Prof. DEWEY.--The Organon should be taught during the second and
third years of college course. And I believe in each homeopathic
college a separate chair should be made for the Organon and
Institutes of Homeopathy. Of course much of it can be taught in
conjunction with lectures upon Materia Medica; but as it contains the
philosophy of Homeopathy it seems to me that a separate chair for it
is preferable, and it should be a chair insisted on by the American
Institute, with two lectures a week at least.
Prof. HINSDALE.--The principles of homeopathy should be taught to
freshmen, well grounding them in the philosophy of the theory of
homeopathy. The Organon can be taught by class-room readings,
preferably by seniors. Comments can be made as the reading advances
and papers prepared by the students upon topics suggested by the
author. The teaching of this valuable book should be critical and
impartial. Adoration for Hahnemann should give place to admiration
for the truth to be taught.
Prof. McELWEE.-The Organon should be taught when the student's mind
is rested and fresh; consequently the first thing in the morning, one
or two paragraphs only at a time, those paragraphs being read by the
student, who gives his idea of it, and then later, under the
supervision of the professor, discusses it before the class.

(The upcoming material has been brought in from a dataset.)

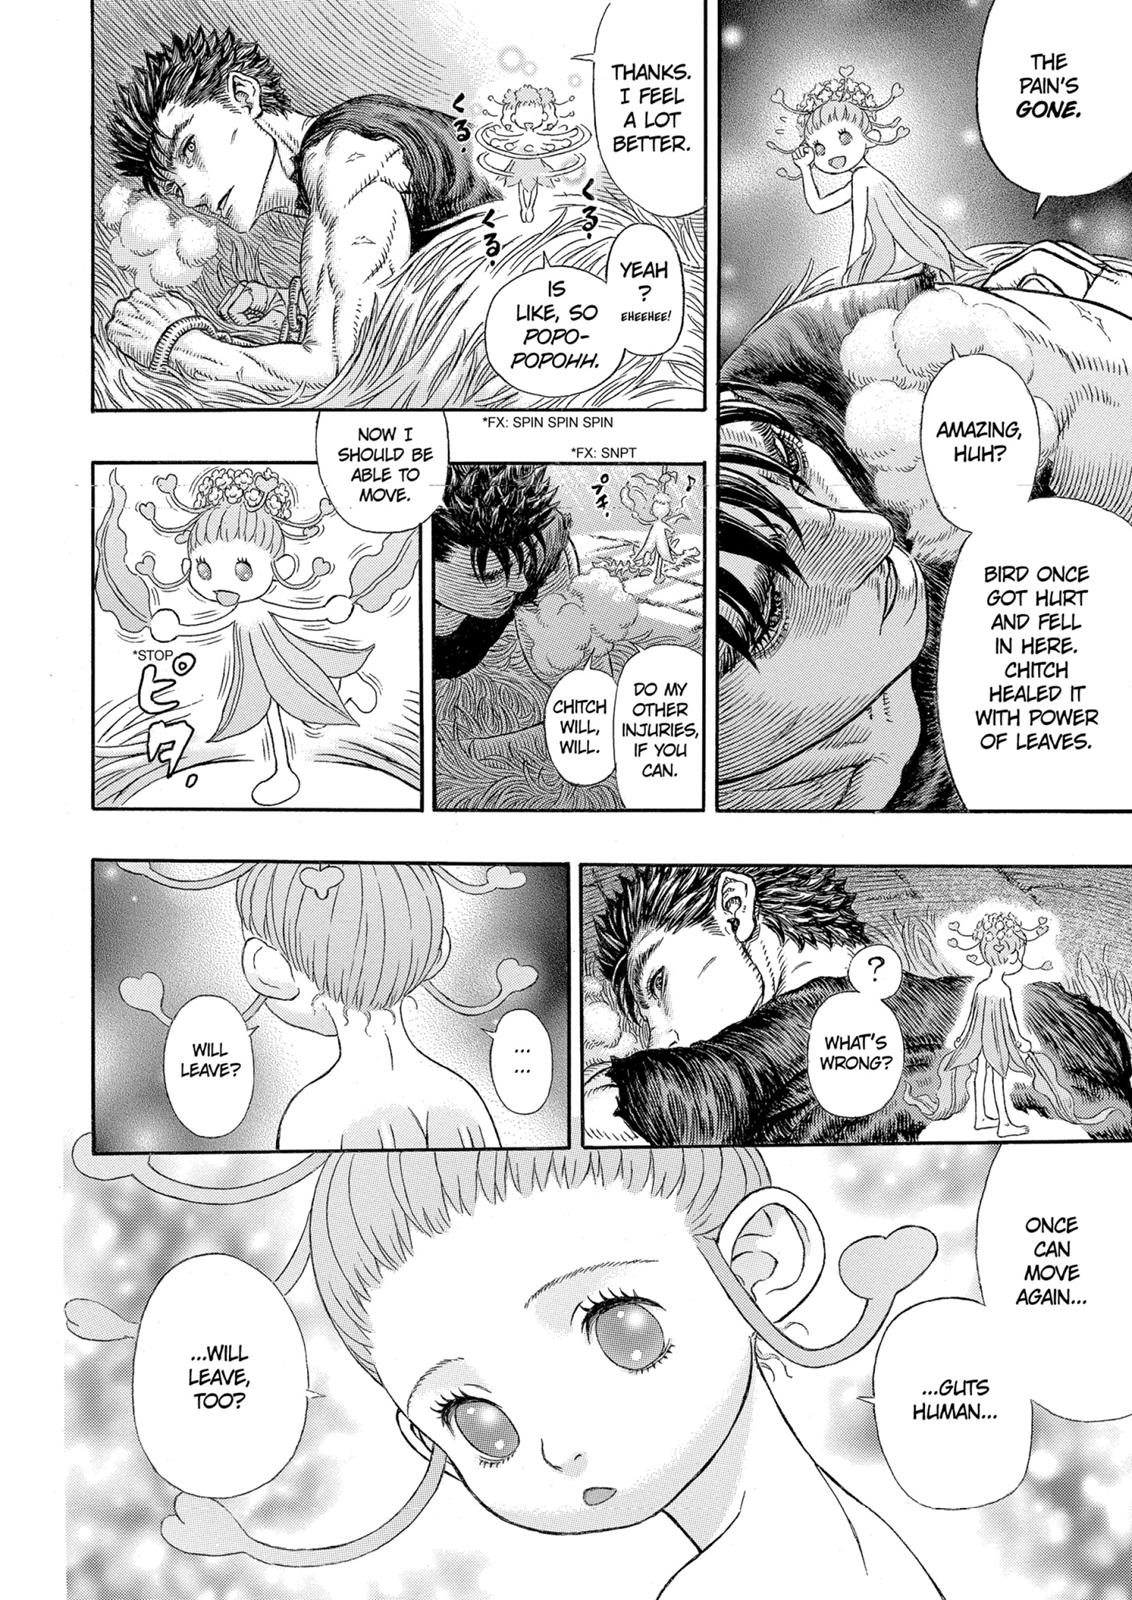 Berserk Manga Chapter 330 image 13

Prof. GILMAN.-The Organon should be taught early and continually
until it is mastered. It is the mother's milk to the medical student.
It should be taught as the Bible is expounded-- text by text, and
explained and illustrated.
Prof. SNOW.-The Oganon should be systematically taught during the
first year of college, as it is the foundation work of Homeopathy.
Frequent reference should be made to it, however, during the whole
three years as occasion may demand. It should be committed to memory
as nearly as possible, so that its precepts may remain always
engraved on the mind.
Prot. MACK.-I do not use the Organon as a text-book. I think that one
can better teach Homeopathy without the Organon as a text-book than
with it.
Prof. COWPERTHWAITE.-The Organon should be taught by a separate
teacher. It has not fallen to my lot to teach the Organon to any
extent and I do not consider myself a competent judge as to how it
should be taught. My method is to take my old and much loved copy
which I held in my hand when I attended the lectures by Dr. Hering,
and which is profusely filled with annotations, comments and
underlinings according to Dr. Hering's suggestions. From this book I
talk to the class, giving them Hahnemann's ideas, Hering's comments
and my own views on each particular section as we take it up.
Prof. WOODWARD.-The Organon should be taught to beginners, not
without Judicious criticism.
Prof. ROYAL.-The Organon should be studied and taught throughout the
entire student's course.
Prof. LEONARD.-For six years I have tried to teach the Organon in
connection with Materia Medica and therapeutics; but whether from my
own inability to do it well or from an incongruity of subjects, the
results have not been satisfactory. A critical analysis of the
Organon with an exposition of its essential parts before senior
students, seems to me to be part of the work of the chair of Theory
and Practice, and it is so taught in the University of Minnesota.
Prof. EDGERTON.-The Organon should be taught to first course
students. A text-book should be gotten up containing the essentials,
and the student should commit the same to memory and recite in class.
Prof. PRICE.-- In my opinion the Organon should be taught from the
chair of Institutes, first omitting the psoric theory, dynamization,
primary and secondary drug action, alternating drug effects, etc.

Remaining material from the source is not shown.